## AVAILABLE RECORDS
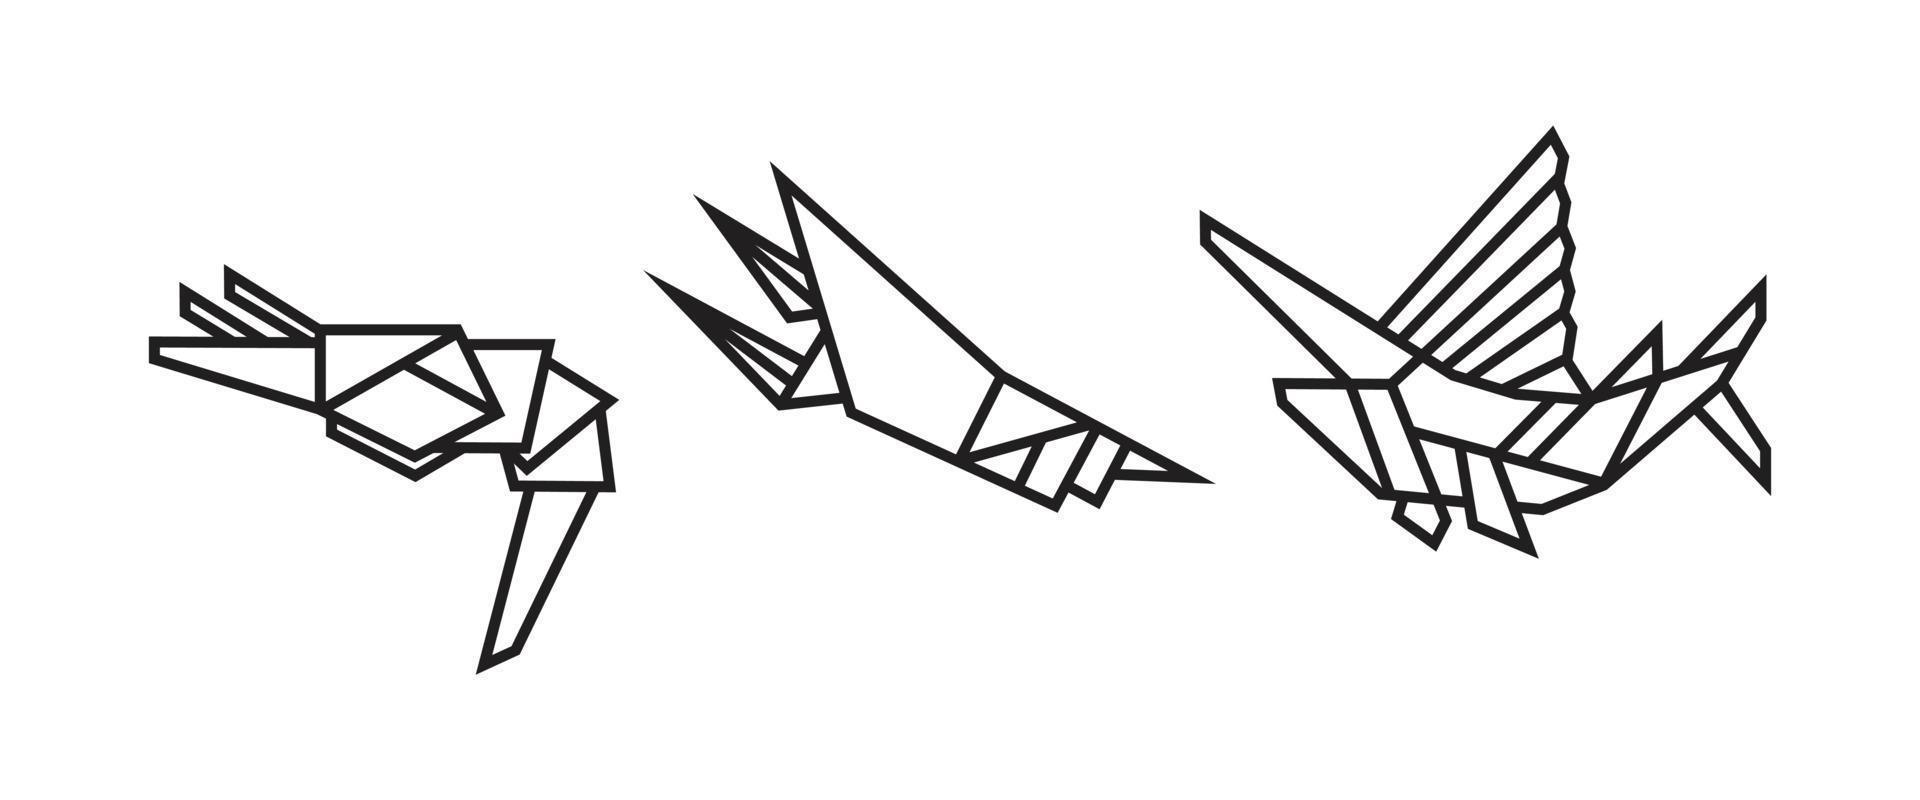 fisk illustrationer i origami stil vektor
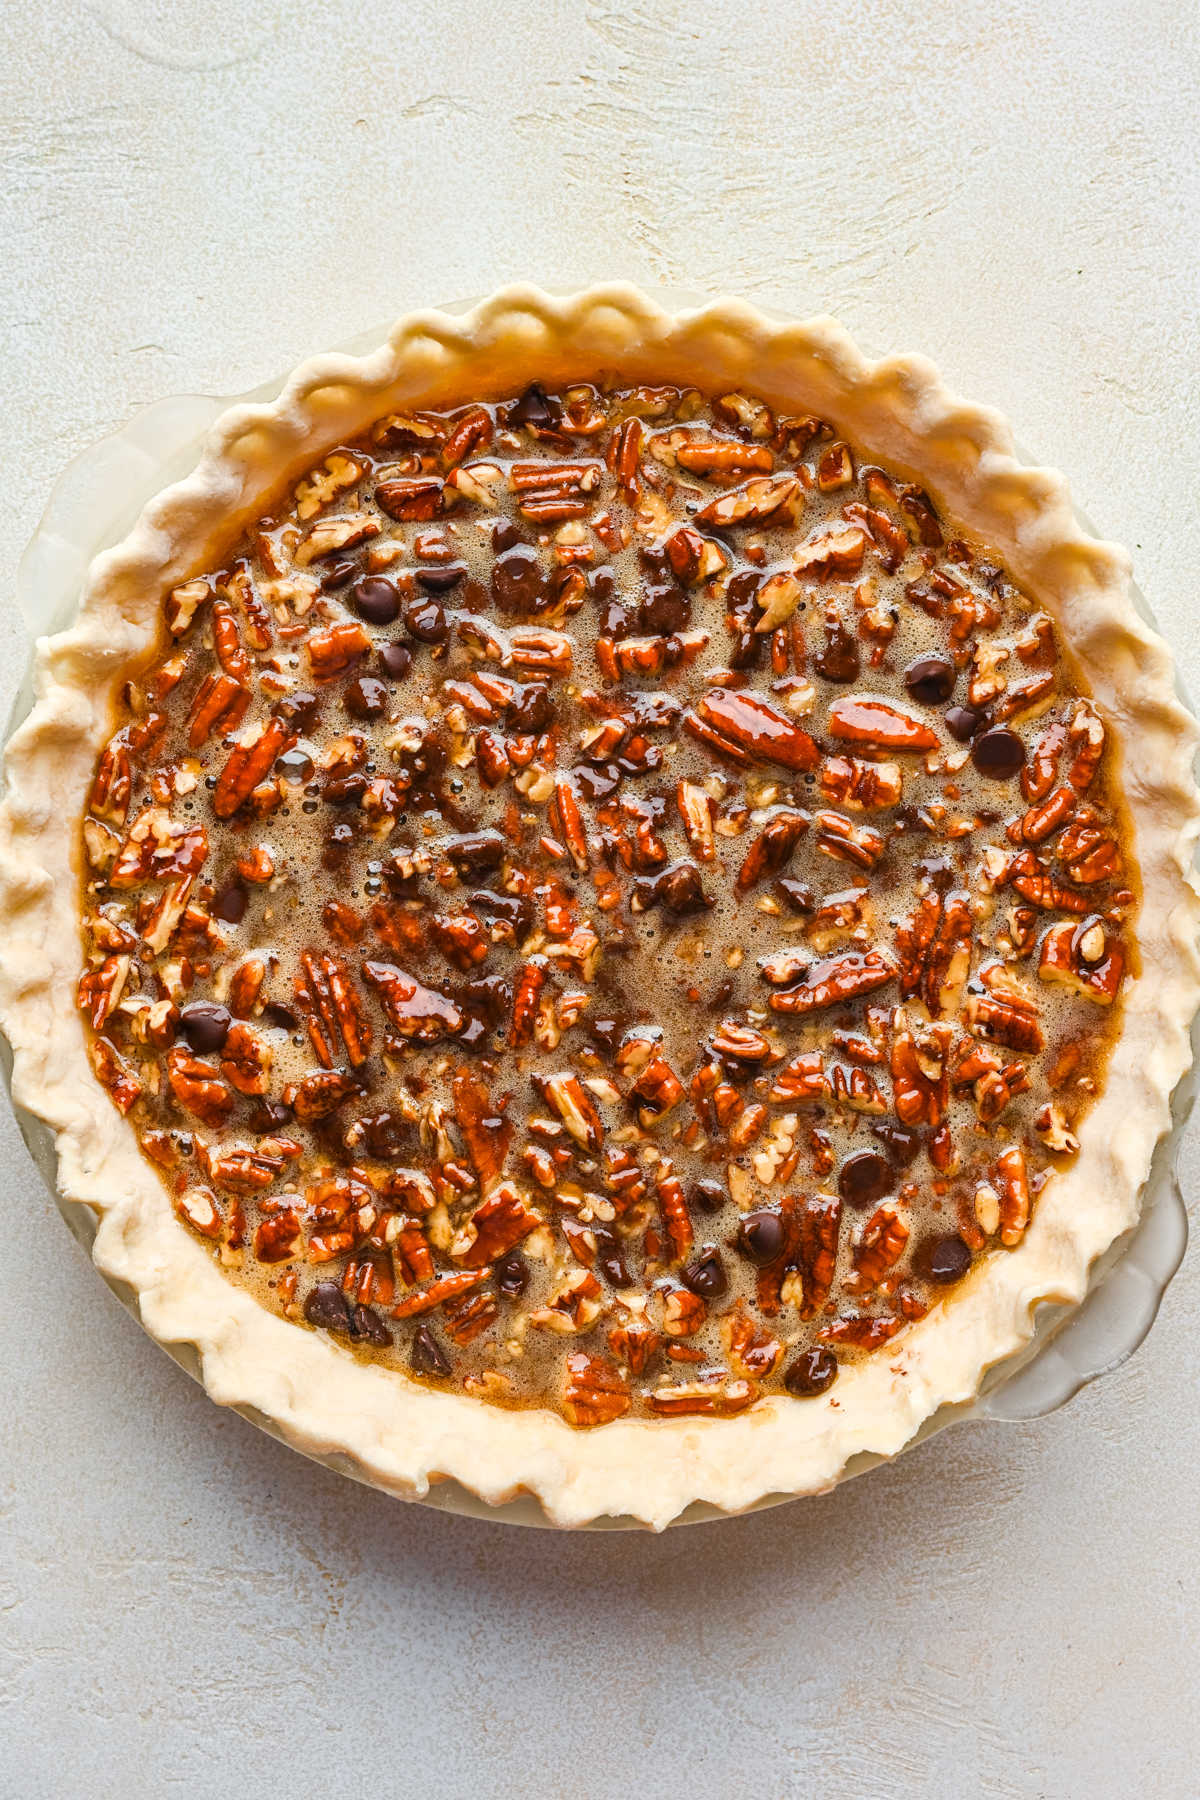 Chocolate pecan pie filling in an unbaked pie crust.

...

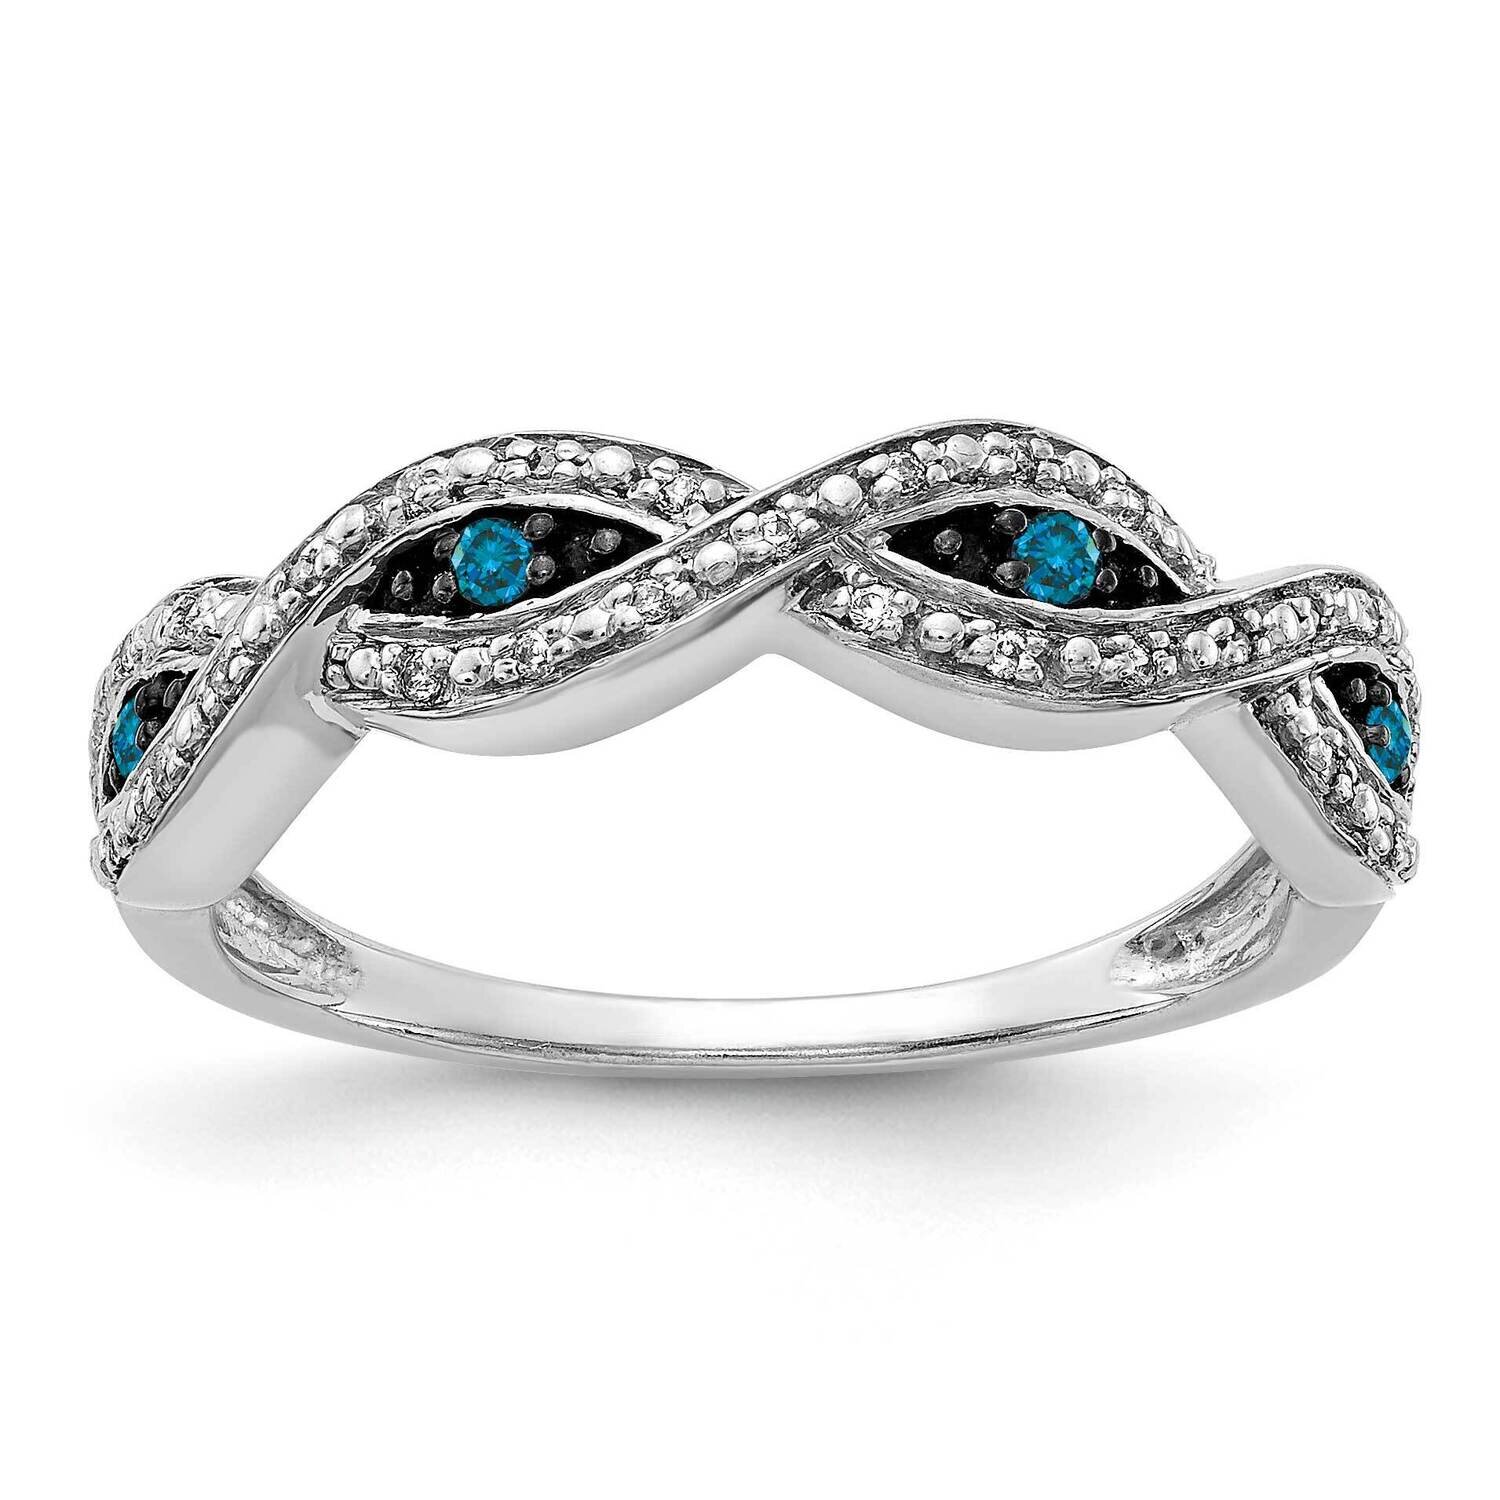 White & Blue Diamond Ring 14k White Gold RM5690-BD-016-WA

==

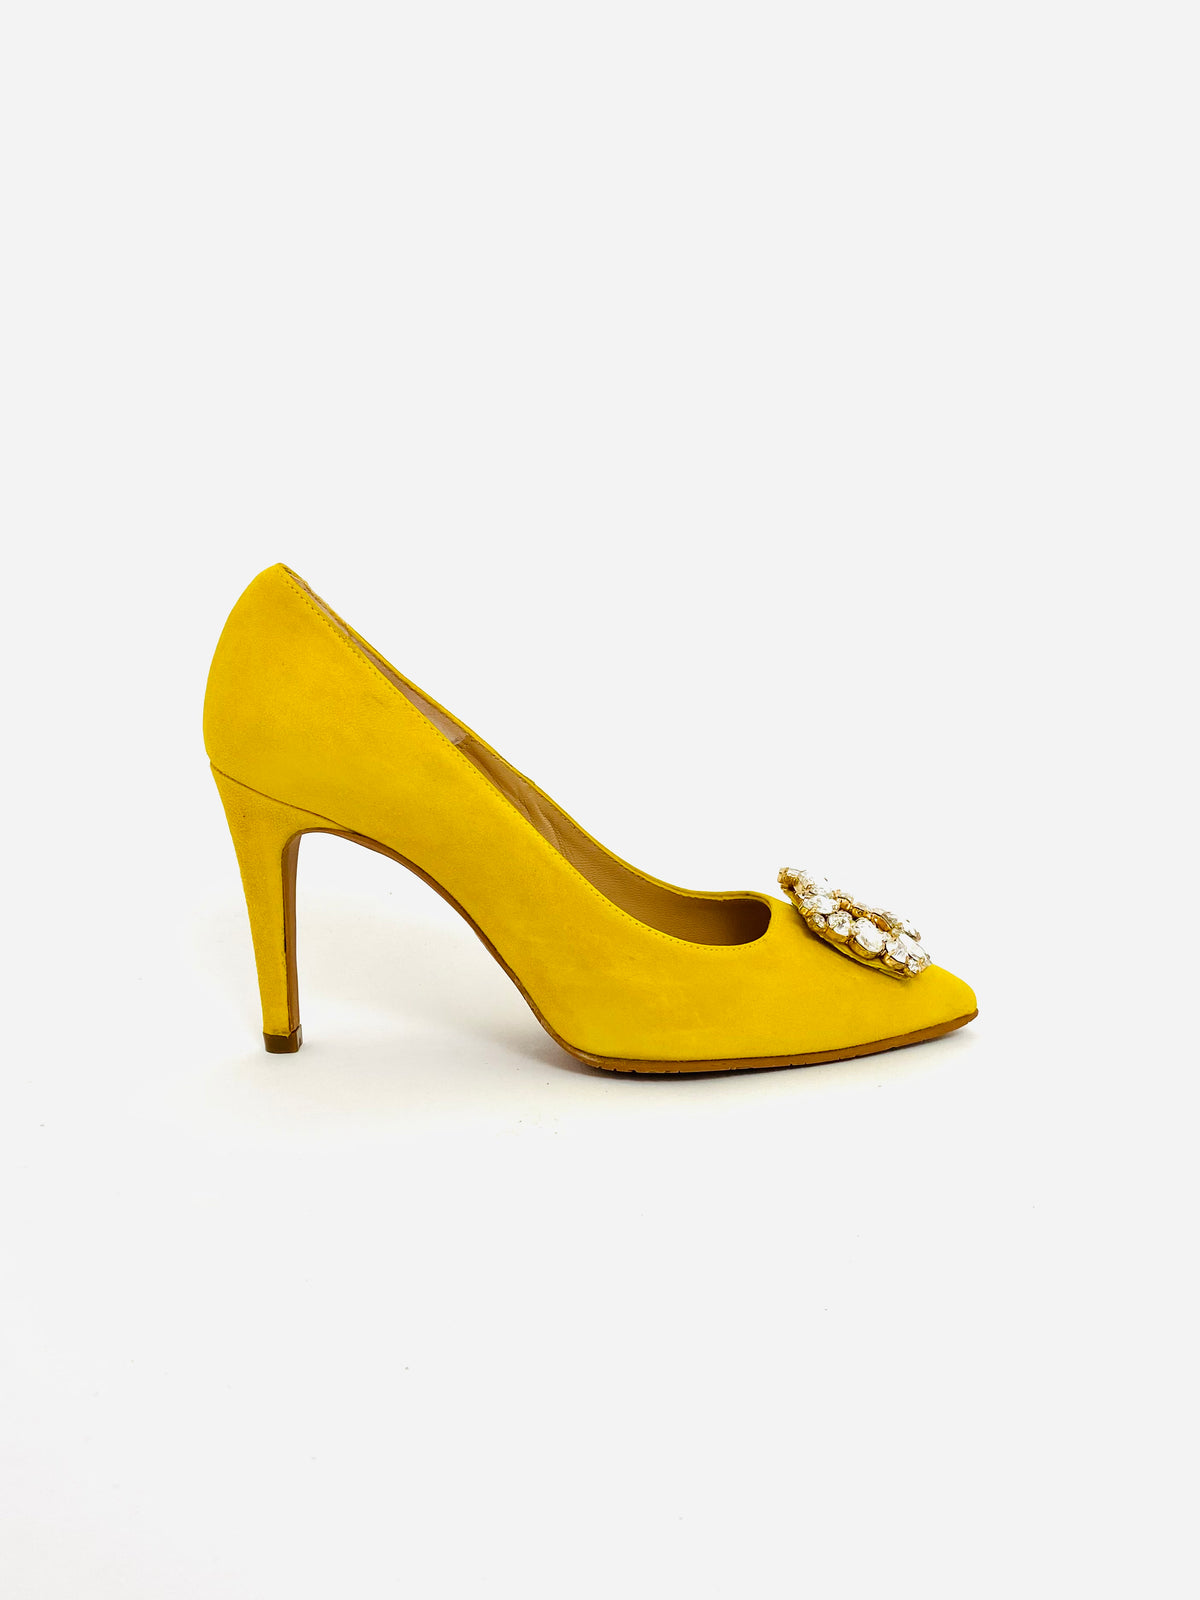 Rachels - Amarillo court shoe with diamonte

## EXERCISE
Leaving out each picture, repeat exactly the lines above from the one that contains "fisk illustrationer i origami stil vektor" through the one that contains "Chocolate pecan pie".

## TASK ANSWER
 fisk illustrationer i origami stil vektor
 Chocolate pecan pie filling in an unbaked pie crust.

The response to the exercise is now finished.